Exchange Program Brings Indonesia Closer To New England

It takes over a day to fly from the Berkshires in western Massachusetts to Indonesia.

 With than 250-million inhabitants, Indonesia is Southeast Asia’s most populous nation; it’s also the world’s largest Muslim country. Its nearly 20-thousand tropical islands are home to beaches, mountains, rainforests, and bustling metropolises like Jakarta. 

Indonesia’s islands may be half a world away from the Berkshire hills. But an Indonesian-born filmmaker living in Berkshire County is finding ways to bring her native home and her adopted home closer together.

I’in Purwanti was born on the island of Java, in Solo, a working-class community where neighbors helped neighbors erect one-room houses with dirt floors and bamboo walls.

In fifth grade, I’in Purwanti’s family left Solo for Jakarta, Indonesia’s massive, traffic-choked capital. And when Purwanti became the first in her family to attend college, her neighbors scraped together her first-semester tuition.

Purwanti got an English Literature degree from the University of Indonesia, and what happened next is like a Cinderella story. While working as a fixer for foreign journalists, Purwanti befriended an American photographer who brought her to New York City, to help finish a documentary.

That same photographer inspired Purwanti to stay in New York and get an M-F-A in documentary making; she even chipped in funds.

After that, Purwanti married fellow filmmaker George Cox, and while the couple was collaborating on a documentary in Vermont, they got a hankering for country living. But when they moved to the Berkshires to start a production company, Purwanti had some reservations, “Am I gonna be the only brown people in the area? Like, am I gonna meet friends? Like, how am I supposed to know people?”

She also worried that her New England community wouldn’t know much about her Southeast Asian one. So she organized a night of Indonesian films, dance and food at a café in West Stockbridge, Massachusetts.

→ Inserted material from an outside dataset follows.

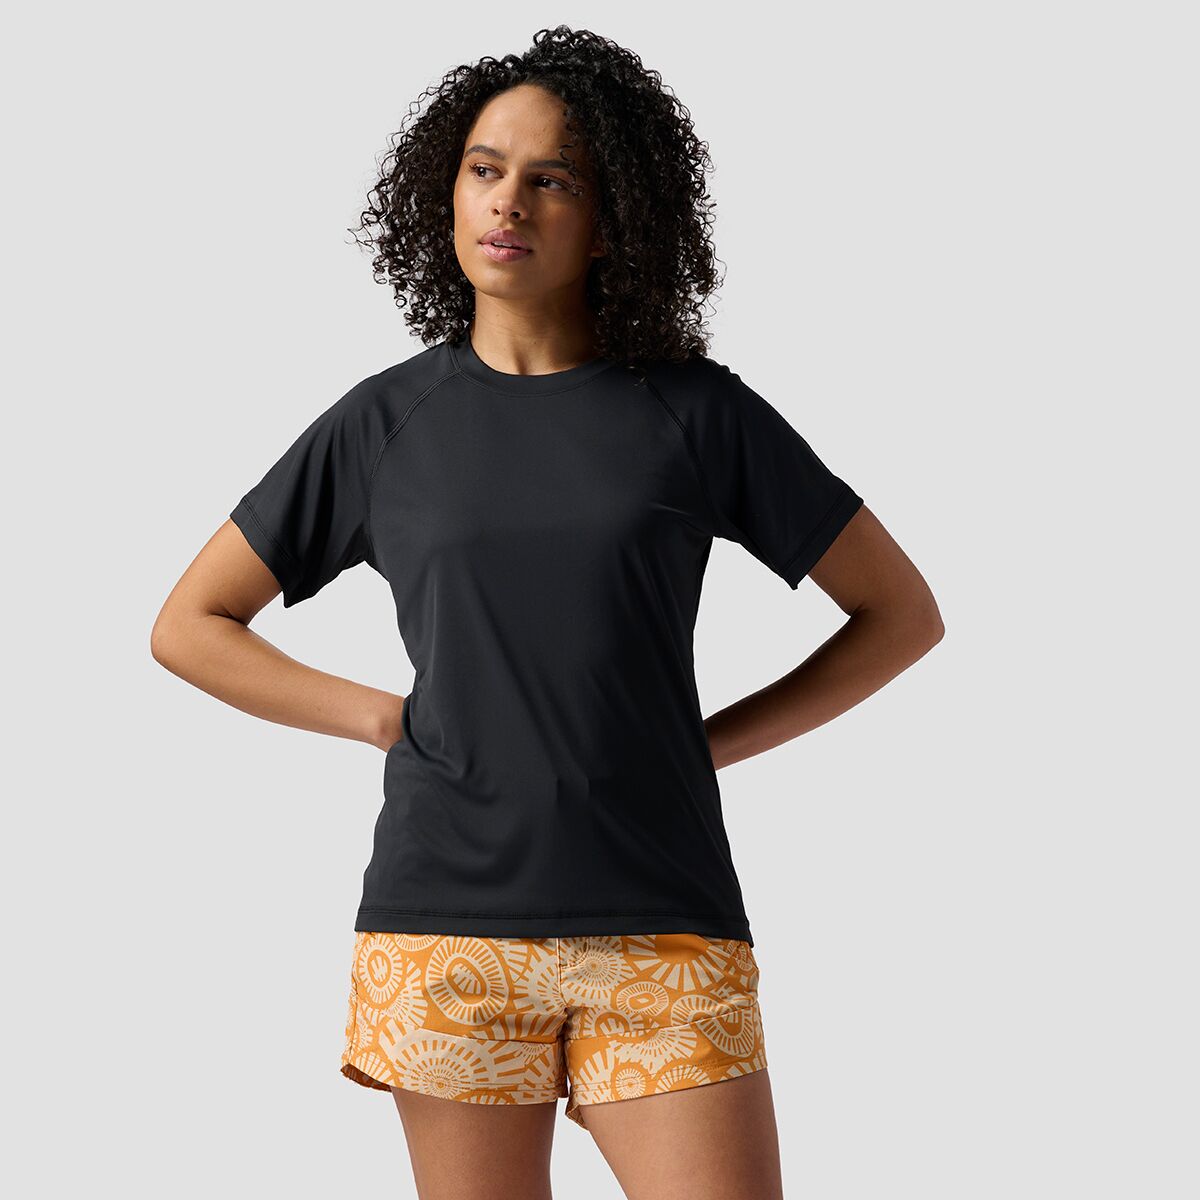 Stoic Short-Sleeve Tech T-Shirt - Women's

The event was so successful, Purwanti followed it up with an Indonesian Country Fair, then another.

Her newest venture is a cultural-exchange program inviting young women from Indonesia and the Berkshires to visit each other’s countries, and produce a documentary to screen back home.

Genevieve Naylor is the program’s first participant. She and I’in Purwanti are still jet-lagged as they click through footage they filmed at an elementary school in Java.

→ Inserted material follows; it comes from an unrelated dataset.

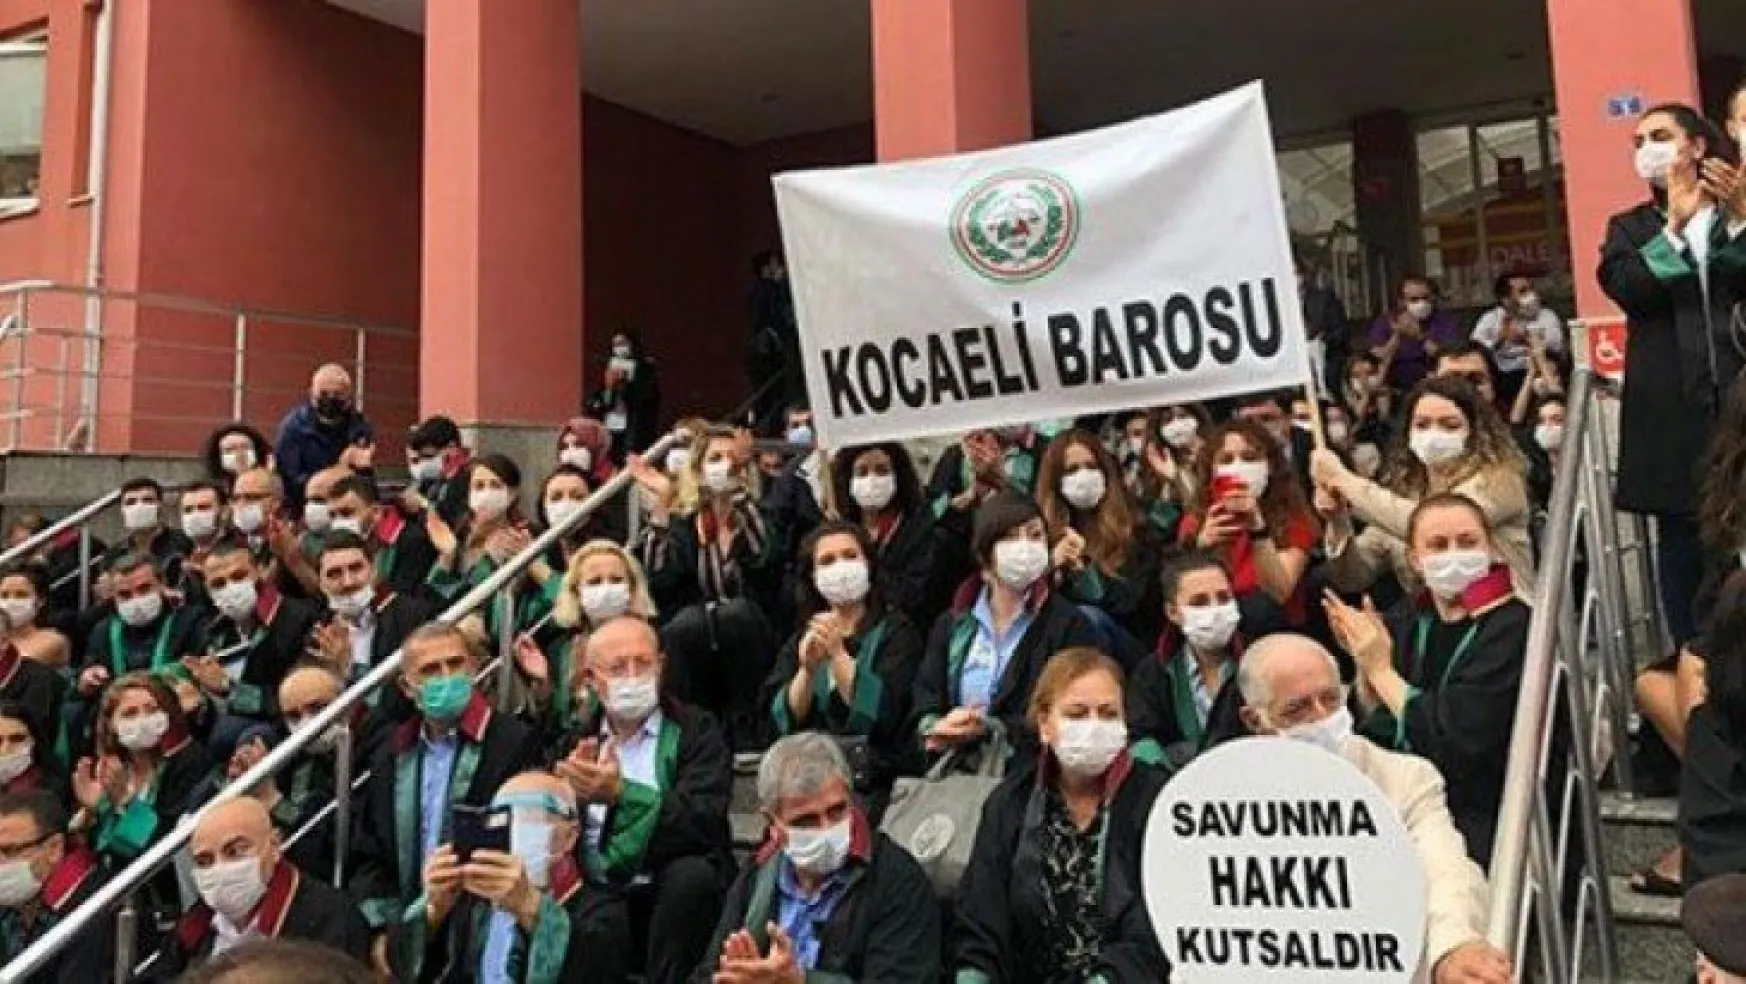 Kocaeli'den Ankara'ya yürüyen İzmit barosuna destek

Nineteen-year-old Naylor grew up in the Berkshires. Before her trip, she says she viewed Indonesia like many outsiders do, “They think ‘earthquake,’ they think ‘tsunami,’ they think ‘terrorism.”

But then she spent three weeks there, visiting mosques during Ramadan, cavorting with fans at a soccer game, and sampling the country’s famous street food.

“I was actually a vegetarian before I went there,” said Naylor. “And then on my first day I had soto which is like a beef soup, and it’s like so good!”

Naylor’s favorite thing was meeting new people – from the cabbie who taught her Indonesian words and phrases in exchange for English ones… to the stranger who offered her a place to stay. Naylor described, “And that proves how friendly and welcoming they are, really, even to a bule like me! Which means “foreigner”! One of the first words I learned!”

I’in Purwanti calls her exchange program “Cinta Hutan;” that’s Indonesian for “Love the Woods.” The logo is a blazing, heart-shaped campfire.

“We as humans, since the beginning of time, you always get together around the fire,” Purwanti explains. And where the fire is, where the love is, there’s connection.”

 There’s also life. Just think about I’in Purwanti’s neighbors stoking the fires of that makeshift incubator on that dirt floor.

“The community comes together and just making sure you’re alive, and that’s love,” says Purwanti.

Purwanti says they’ll screen Genevive Naylor’s documentary in the Berkshires, New York and Washington, D-C, later this year. Then, in 2020, Purwanti will bring an Indonesian woman to the U-S, so that she can experience the culture, meet the people, and feel the ‘love,’ too.